# where is marion?



## cima (Nov 6, 2003)

he's averaging 11 PPG on 38% shooting for the month of february (6 games). what's up with him?!


----------



## Hyperion (Dec 5, 2006)

He's too busy getting 3spg and 12rpg. Without Nash, he doesn't get shots because no one calls plays for him except for Nash.


----------



## Ruff Draft (Nov 21, 2004)

Stuff happens when you lose your play maker. Luckily his defense will always be there.


----------



## LineOFire (Apr 20, 2004)

He definitely is the one that suffers the most from Nash being out. He single handedly killed my fantasy team last week. Here's to hoping he gets back into the groove of things.:cheers:


----------



## Seuss (Aug 19, 2005)

c p 9 said:


> he's averaging 11 PPG on 38% shooting for the month of february (6 games). what's up with him?!

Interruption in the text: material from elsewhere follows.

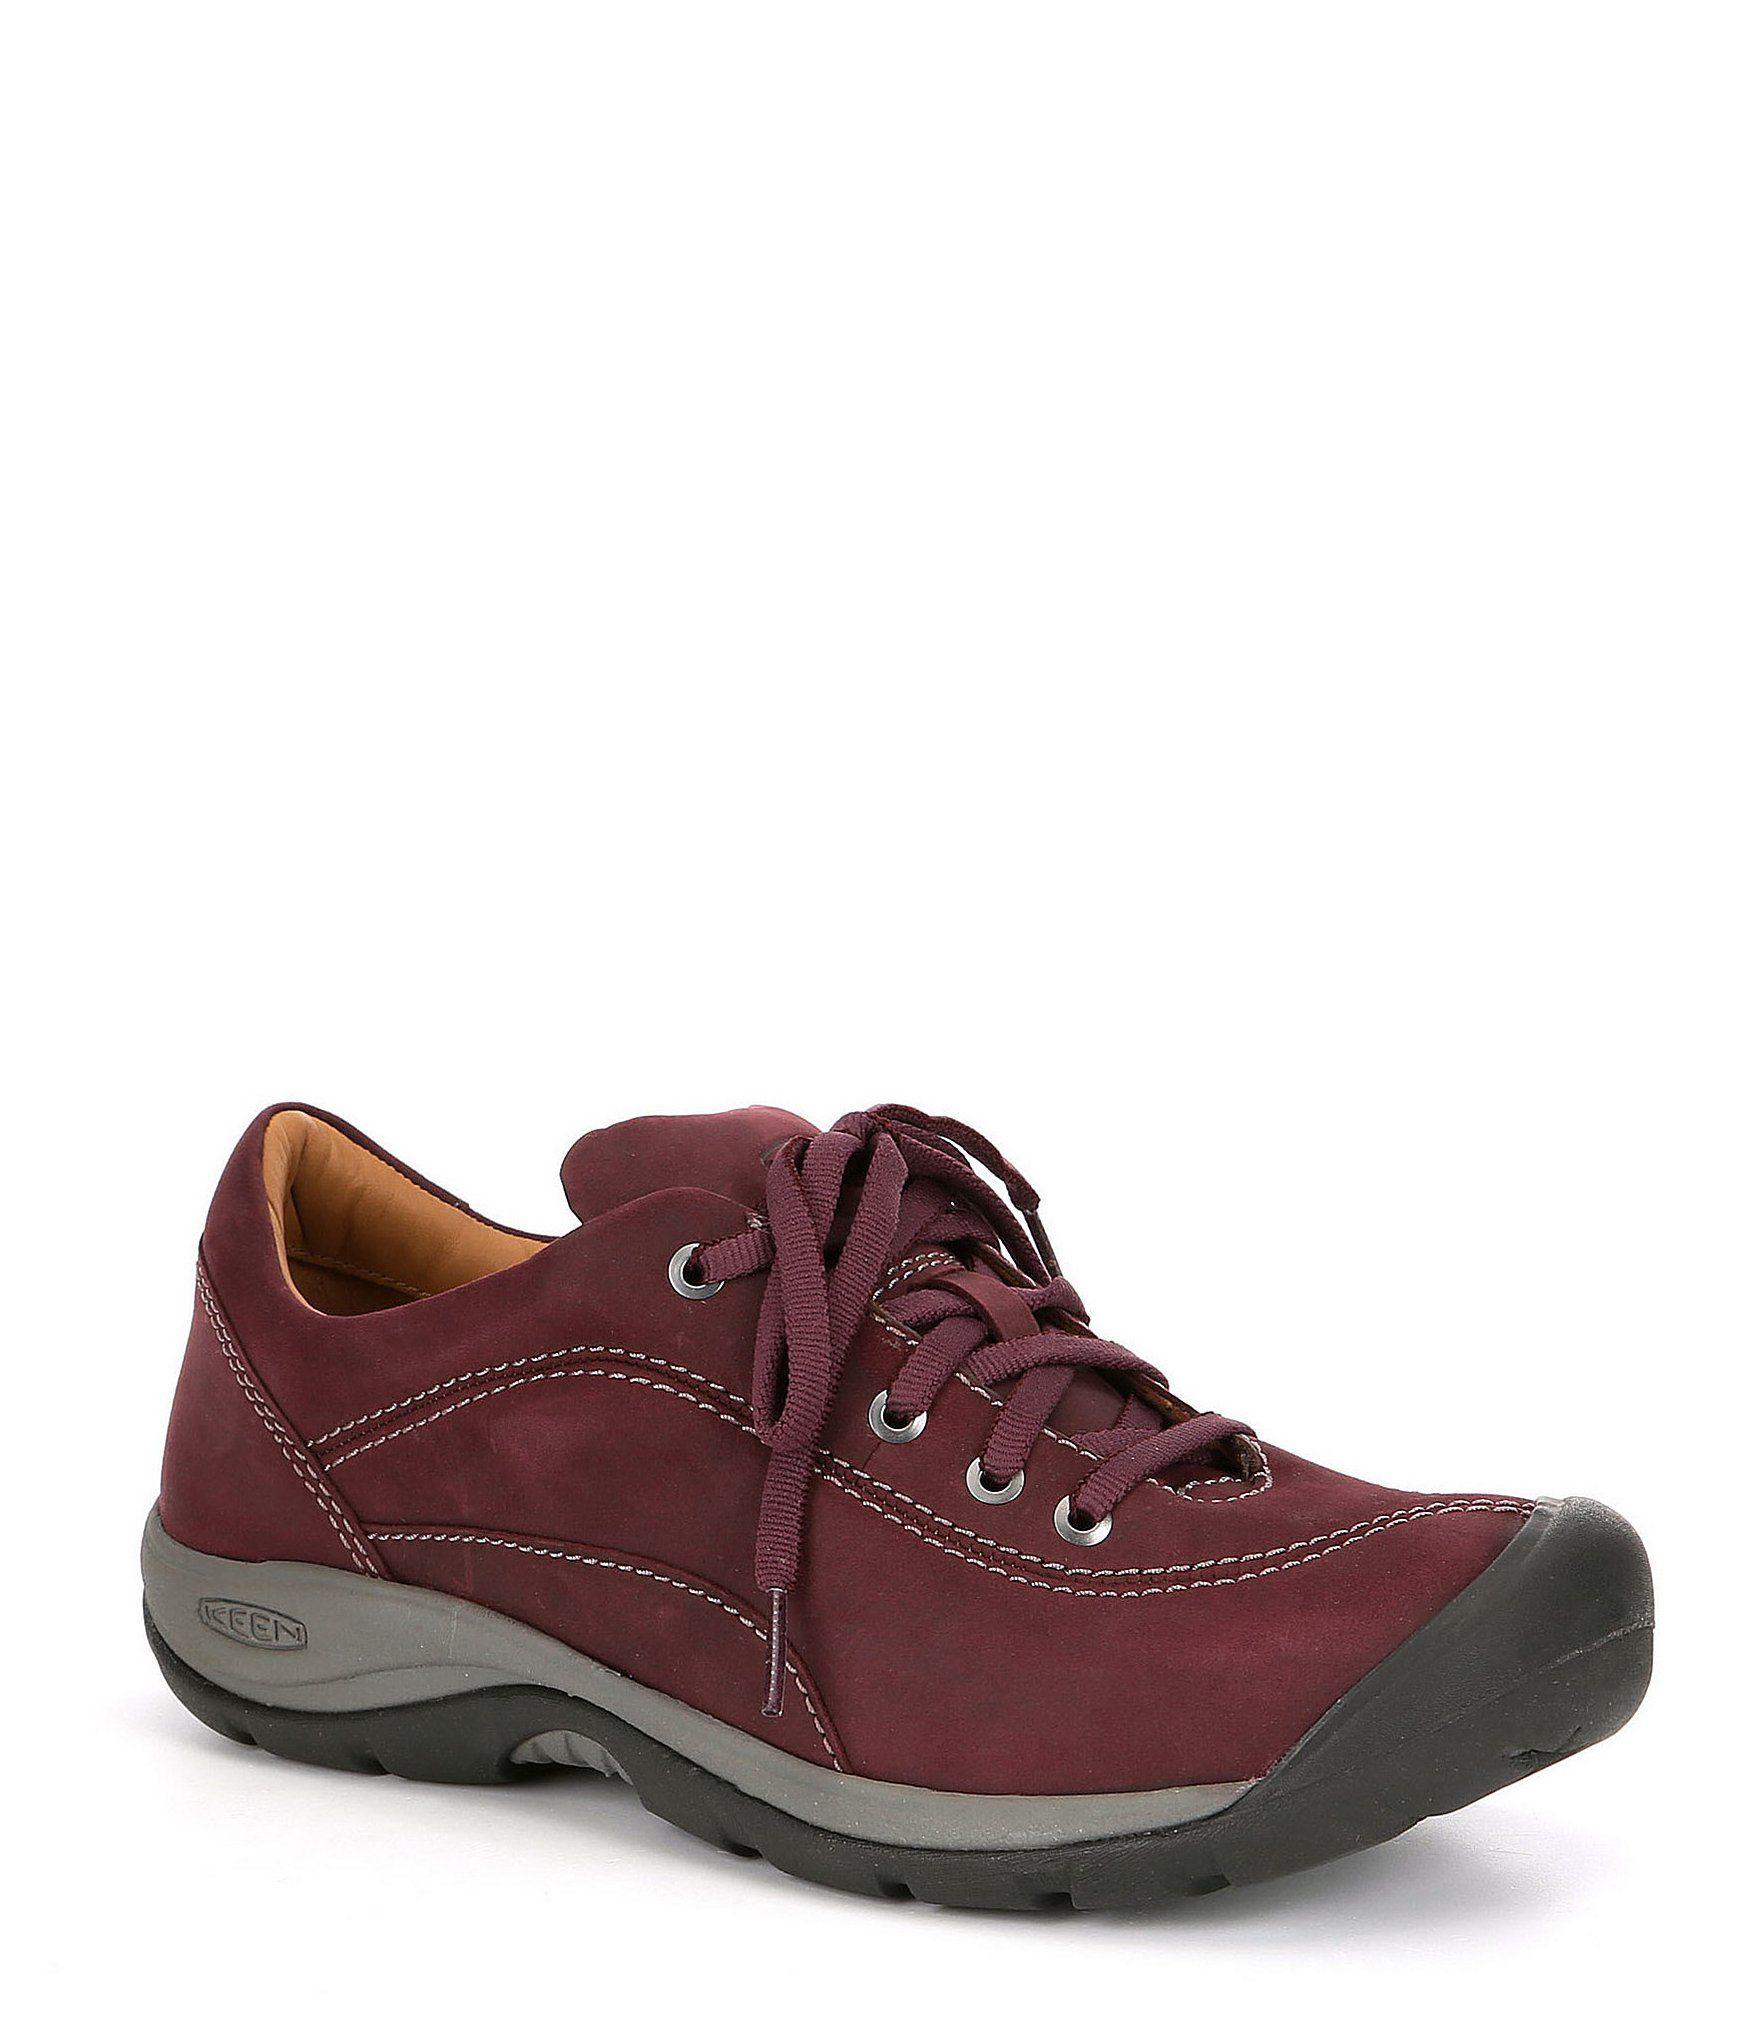 Keen Presidio II Oxford Sneakers Black/Steel Grey 7M

Marcus and LB are not good at finding Marion. 

Nash and Shawn are so in sync with each other, it amazes me sometimes.

People forget how Nash and Marion are so suitable for each other. They are the perfect
pair out on the court. That's one they are the #1 duo in the league, according to the
lenonvo stat.


----------



## shawnmaloser (Jan 29, 2007)

its no real shock that marion is nowhere to found when nash is absent. but the real shock is marion defense.Last night's game against the bulls, the boys in red were raining jumpers against marion at will especially L.deng. I know he is not a lock down defender but adequate one at best still the question remain how did a guy averaging 18 ppg, and not an all-star score 30 pts last night. Marion is the one to blame.


----------



## Dissonance (Jul 21, 2004)

He does this annually at some point during the season it seems with his scoring, even WITH Nash. No real surprise. It does get annoying. He'll eventually explode like always (hopefully).


----------



## shawnmaloser (Jan 29, 2007)

oh he will "explode" alright but only with nash in the lineup and against a sub .500 team. especially if that team has an immobile small foward. no way he is getting 20 or above against the sonics.


----------



## Jammin (Jul 3, 2005)

Last time the Suns played the Sonics he got 29 pts and 15 boards. Without Nash it'll be hard, but I think he can do it.


----------



## Hyperion (Dec 5, 2006)

Dissonance19 said:


> He does this annually at some point during the season it seems with his scoring, even WITH Nash. No real surprise. It does get annoying. He'll eventually explode like always (hopefully).


Yeah, for a two week span, he gets those 'crazy eyes' that Kurt Thomas has and ends up grabbing 20 boards and scoring 35 points with 5 steals and 5 blocks a game. However, his scoring only dips when no one finds him. HE DOESN'T GET PLAYS CALLED FOR HIM!!!!! IT'S HARD TO SCORE WHEN YOU'RE NOT THE PRIMARY TARGET FOR SCORING!


----------